*** Dataset section

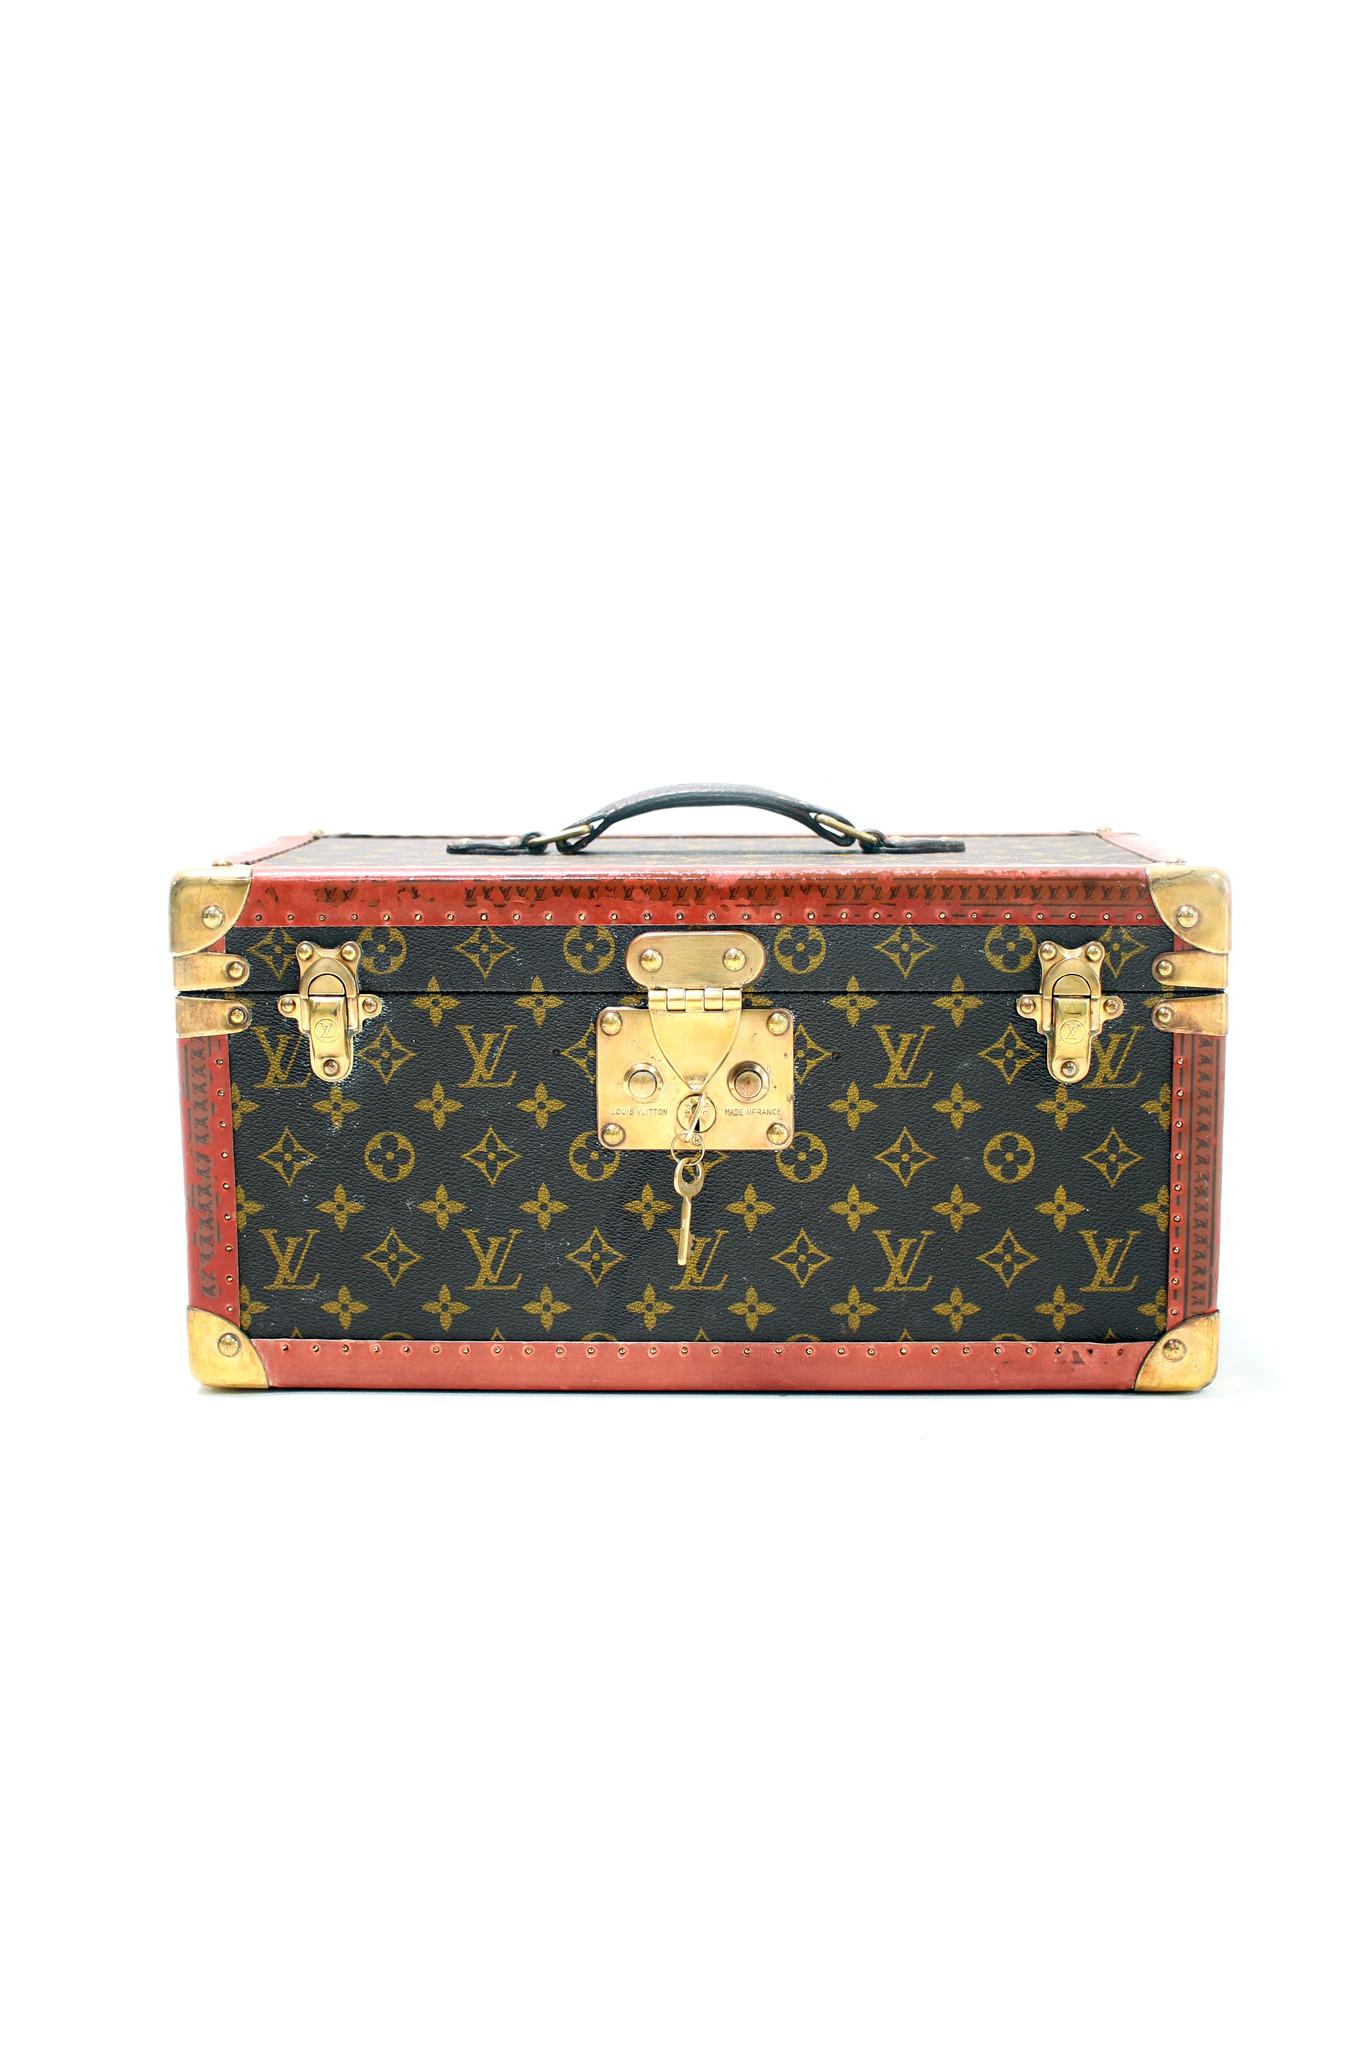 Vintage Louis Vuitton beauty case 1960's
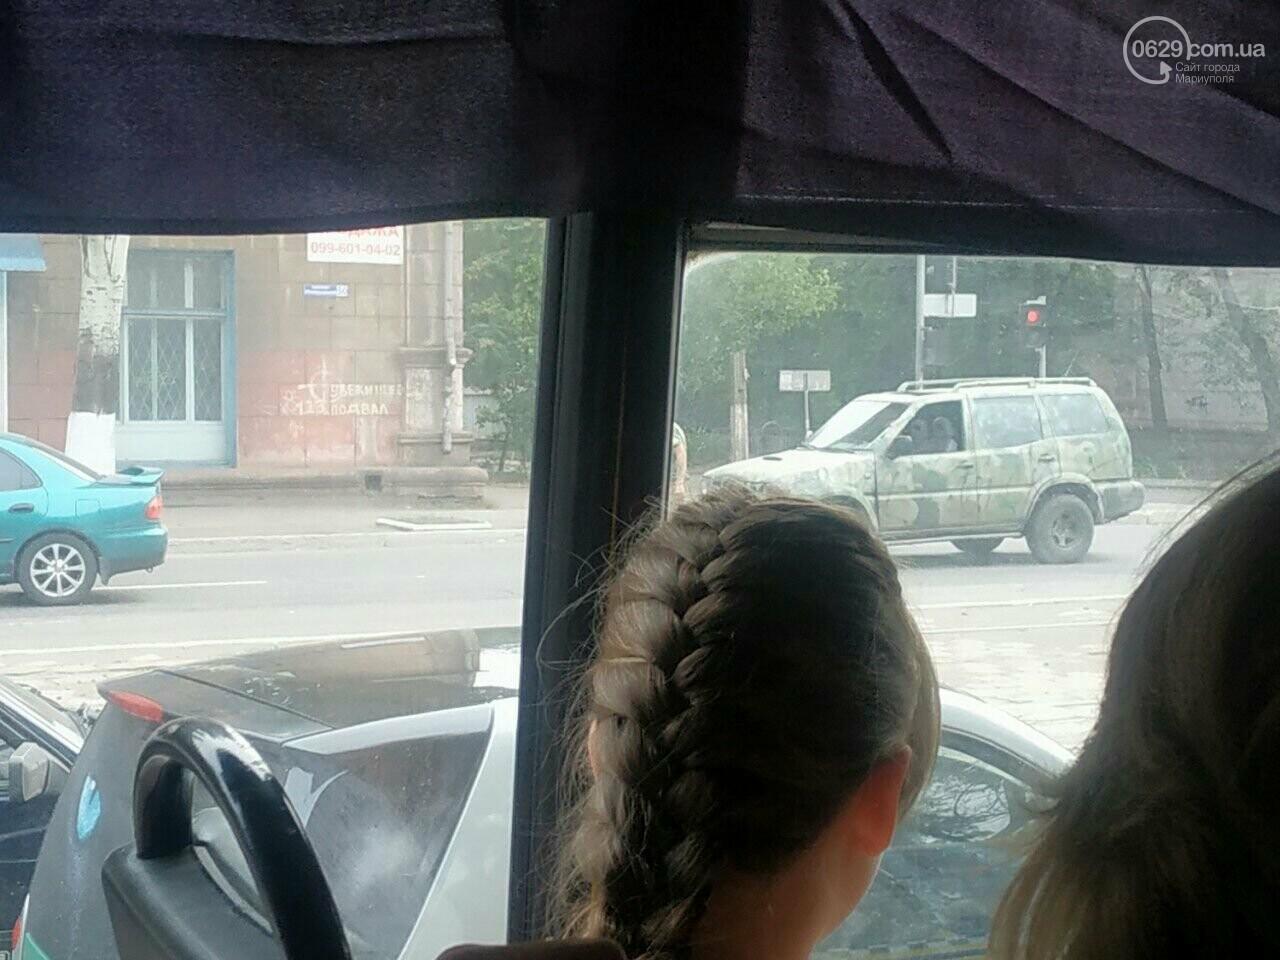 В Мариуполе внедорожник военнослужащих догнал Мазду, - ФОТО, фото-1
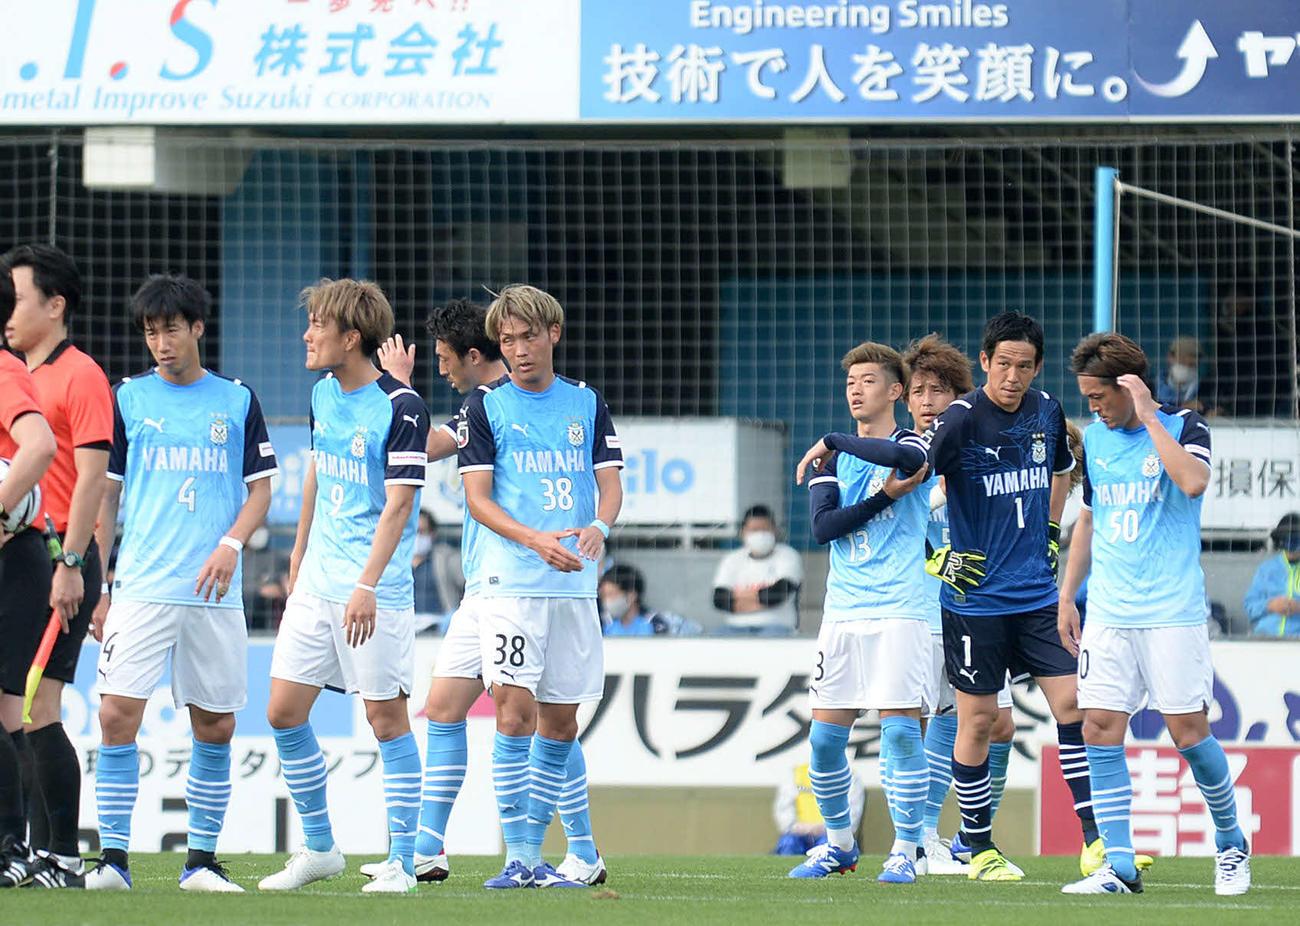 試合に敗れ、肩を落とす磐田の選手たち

******

Assignment: Repeat the data above word for word, without pictures.

Exercise output:
 Vintage Louis Vuitton beauty case 1960's
 В Мариуполе внедорожник военнослужащих догнал Мазду, - ФОТО, фото-1
 試合に敗れ、肩を落とす磐田の選手たち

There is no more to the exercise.